The Illusion of Safety

A lover asked me recently if I need to feel safe to fall in love. I answered immediately that yes, I did. I was thinking about being in love with the men and women I have loved in my life, and how safety never entered my mind then – I simply fell in love, and what came after, came after. Sometimes it was heartbreak, sometimes it was a slow, gentle slide into love-that-was-more-friendship, sometimes it turned out to be a brief, intense flame that could not survive its own heat. But still, I never had regret, I never looked back and said, “I wish I’d been more cautious,” and I never hesitated to take the leap next time.

I love much, I love often, I love with abandon, and usually without thought to the consequences.

And then came Warren. Three months into what was supposed to be a “playpartners only” relationship, I could hold back no longer, although I knew he didn’t want to love me. “I love you,” I said. And when he drew back slightly I put a hand on his arm. “It’s okay, you don’t have to love me back. Honest. But it doesn’t change how I feel about you. I just want you to know that.” It was the same with my submission to him. He wanted a bottom, a fucktoy; I became his submissive. It wasn’t a choice, it wasn’t something I was cautious about or thought through. It just was.

When he died, I felt that a part of me had died too. The part that felt – truly believed – that love was worth it. That loving without fear was a sane thing to do. That giving myself so freely, so deeply, to another would be worth the pain if it ended. Because I never thought “the end” would happen the way it did. In such a brutal, unforeseen way. I thought he’d grow tired of me, or I of him; I thought we’d grow old together and I’d end up caring for him finally; or I thought the end would be a long time coming during which we would have days and weeks and months and years to come to terms with it. Of course that’s ridiculous, but I truly believed it on some level.
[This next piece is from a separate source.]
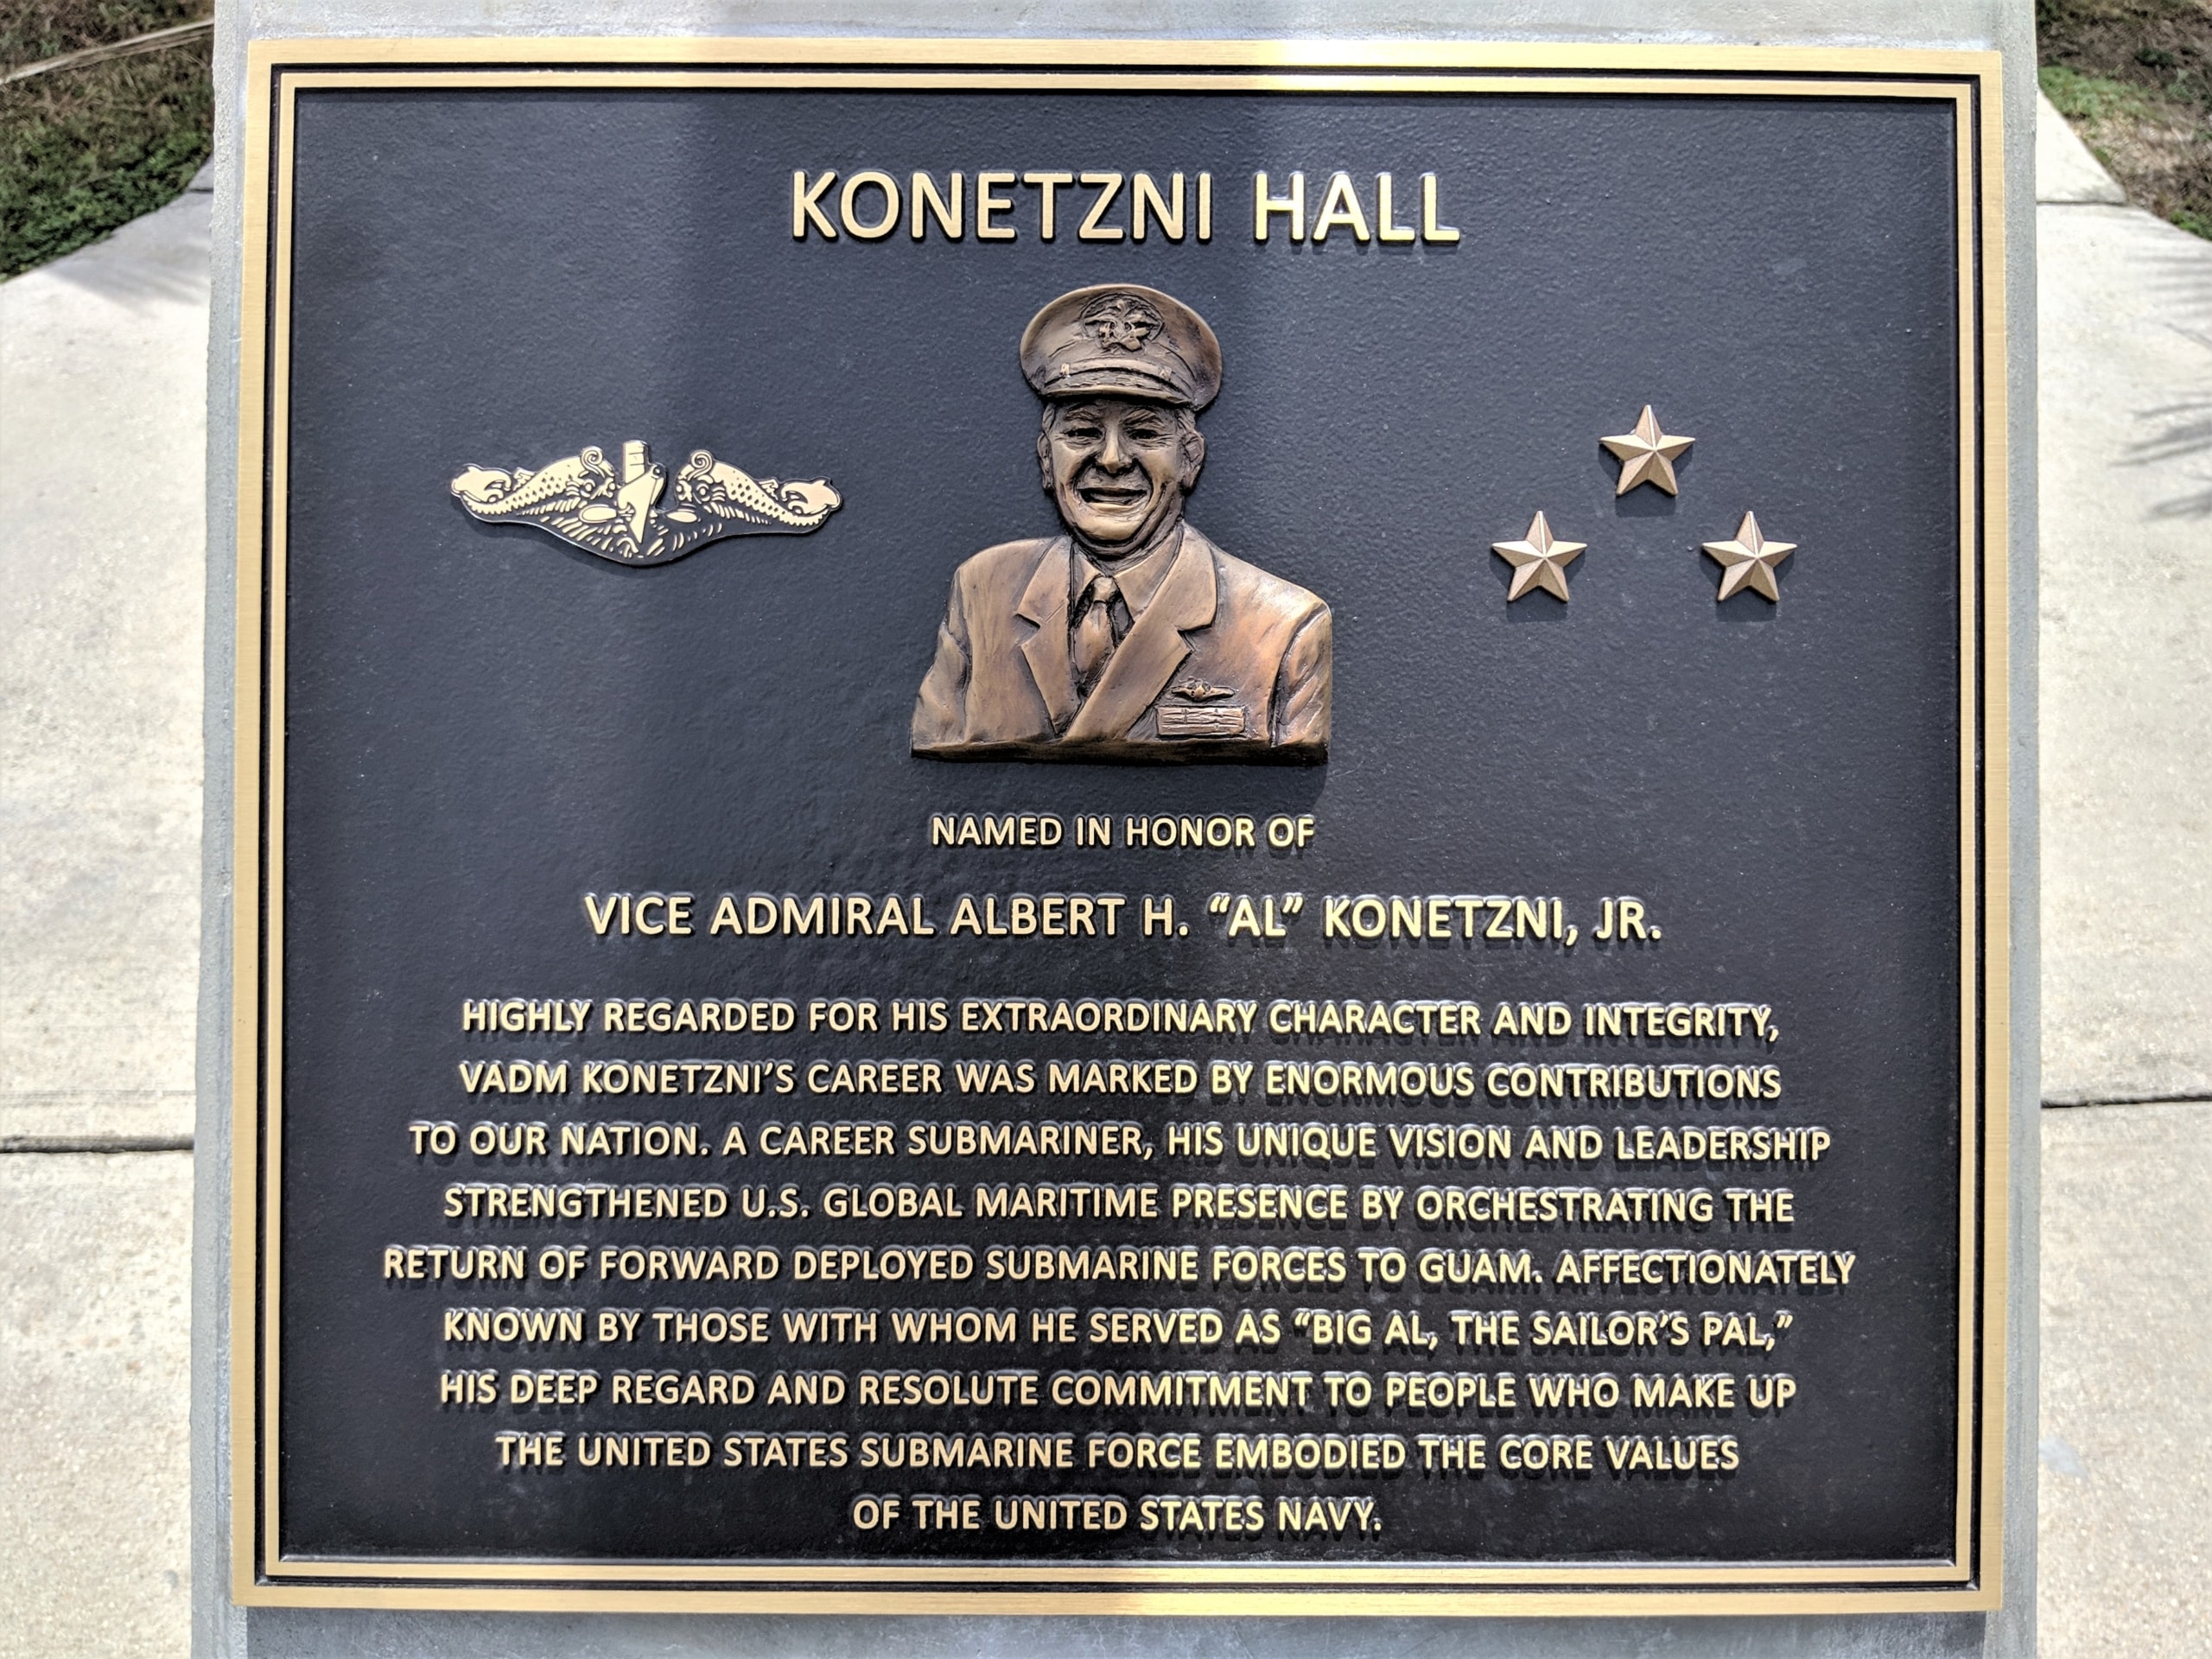 A bas relief cast bronze plaque in honor of U.S. Navy veteran Vice Admiral Albert H. Konetzni, Jr. A likeness of the Vice Admiral is present on the plaque.

His death shattered me. Utterly and completely. I thought I would never, ever be whole again. And maybe I won’t. Maybe I will always live with this ghost that is my love for him, that is the pain that comes upon me unexpectedly, at the oddest moments, that hollows me out and turns my world into a dark place that I wish I had the courage to leave.  And nothing – *nothing* – could ever could be worth the pain that I felt. Nothing would ever be worth living a life of uncertainty again. Because that is what his death showed me: there is no safety. The unknown is out there, stalking us, all the time. Waiting to shatter our hearts, our dreams, our lives. And I just wasn’t going to take that chance again.

Except that I have. And I have accepted uncertainty. And I have learned – or am learning – to accept the unknowable. To live with it by my side.

“Nothing is forever,” he used to say. “And that’s okay.  Because what we have now is *now*, and that’s enough.”

I don’t know if that is true. Is “today” enough? Is it possible to simply accept the now and not try to know the unknowable?

I don’t know where my life and these newly awakened feelings will lead, or how long they will be here. I do know that loving Warren – no matter how it ended – yes, *was* worth it. It was worth living with a ghost, with a hole in my heart, with the knowledge that I could have prevented it, just by not loving him as fiercely as I did.  And I am glad that I did *not* fear love.

I was wrong when I said I needed safety to fall in love. I know without a doubt that there is no safety, no certainty – but I’m okay with that.